Williamson Murray was born Nov. 23, 1941, in Manhattan. His father worked as a salesman, and his mother was a homemaker.
He graduated in 1963 from Yale University with a history degree and then served in the Air Force until 1969, including a tour in Southeast Asia with the 314th Tactical Airlift Wing. He returned to Yale and earned a doctorate in military and diplomatic history in 1975.
Dr. Murray taught in Yale’s history department for two years. In 1977, he took a position at Ohio State University as a professor of military history and related subjects. He was a senior fellow at the Naval War College from 1991 to 1992 and retired from Ohio State in 1995, taking the title of professor emeritus. He went on lecture at the Marine Corps University in Quantico, Va., and at the Army War College in Carlisle, Pa., during the late 1990s.
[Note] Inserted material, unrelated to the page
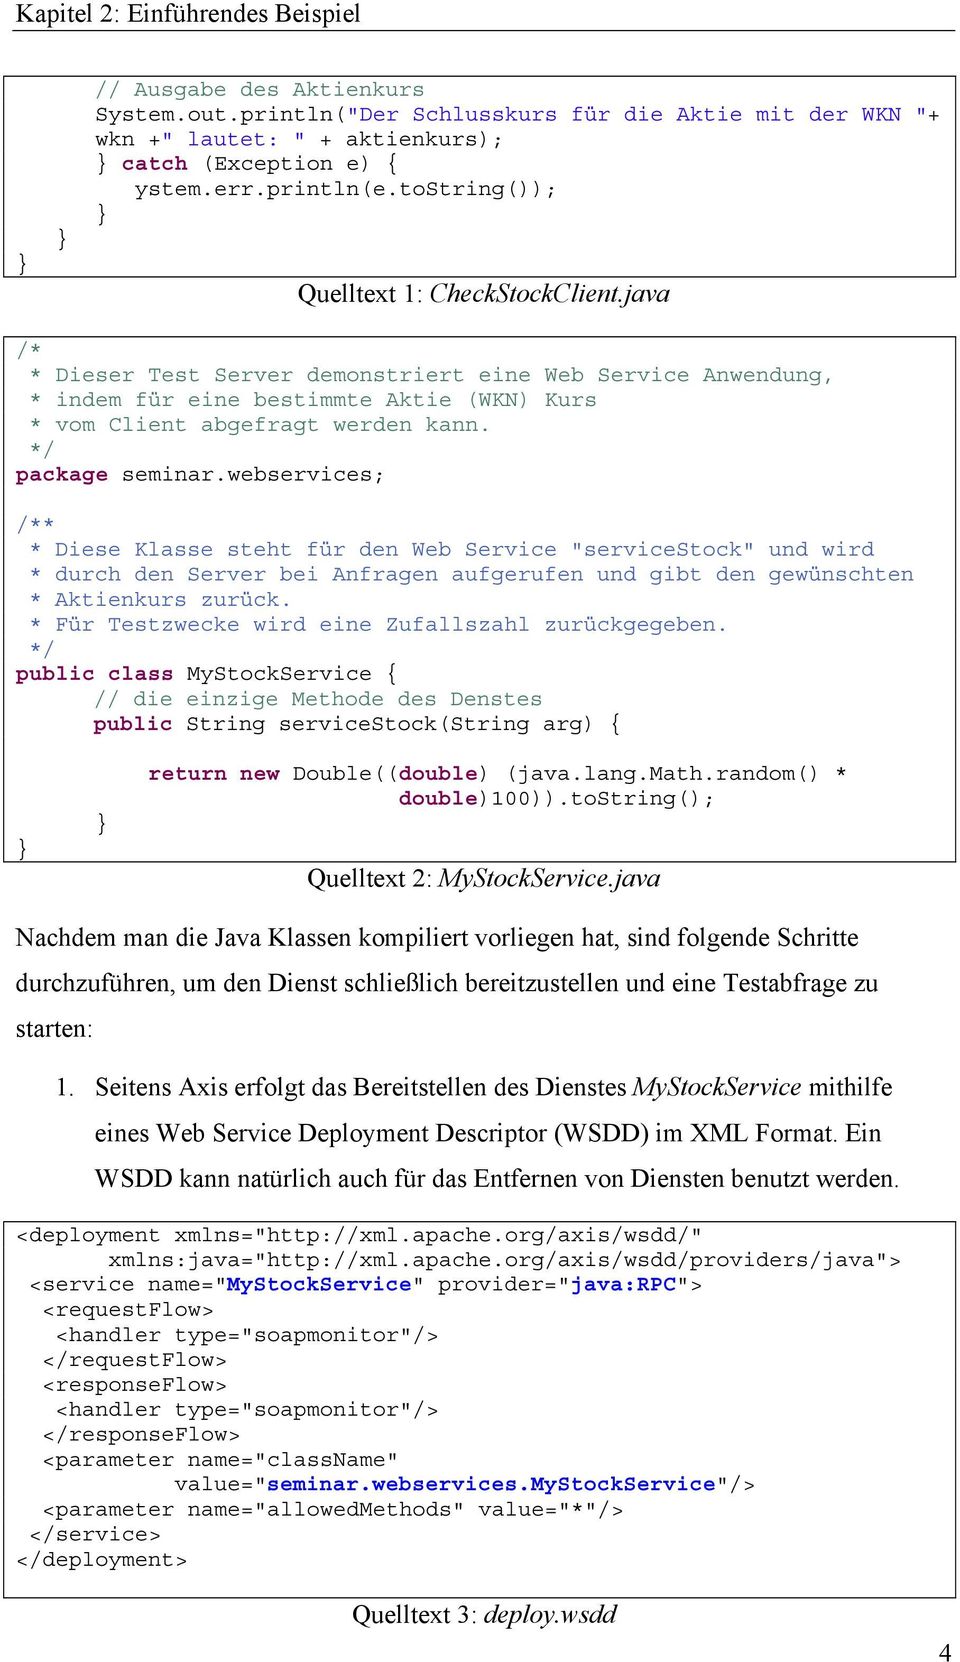 java /* * Dieser Test Server demonstriert eine Web Service Anwendung, * indem für eine bestimmte Aktie (WKN) Kurs * vom Client abgefragt werden kann. */ package seminar.

In “A War to Be Won: Fighting the Second World War” (2000), Dr. Murray and co-author Allan R. Millett received acclaim for delving deep into the successes and failures of U.S. generals while also re-examining the tactics used by Soviet commanders to disrupt the German advance.
As the wars in Iraq and Afghanistan wore on, Dr. Murray began increasingly focused on researching U.S. military struggles to quell insurgents and build effective alliances with local forces.
“Adaptation is a process conducted under the pressure of war,” wrote the journal Military History in a review of Dr. Murray’s book, “Military Adaptation in War: With Fear of Change” (2011). “The objective is to defeat an enemy, who in turn can be counted on to do the same thing to you. The margin for error is always slim, and as the saying goes, ‘The enemy always gets a vote.’”
Dr. Murray’s marriage to Marjorie Foster ended in divorce. Survivors include his wife of 30 years, Lesley Smith; a son and daughter from his first marriage, and five grandchildren.
In one of Dr. Murray’s last essays for the Hoover Institution, he evaluated various possible scenarios in Ukraine. In every prediction by Dr. Murray, Russia and the West remain on their side of a military and political fault line.
“Thus, whatever the outcome of the current conflict in Ukraine,” he wrote in July, “the Ukrainians and the Americans can only look forward to a hostile Russia that will require the full political, strategic, and military attention of the United States and NATO.”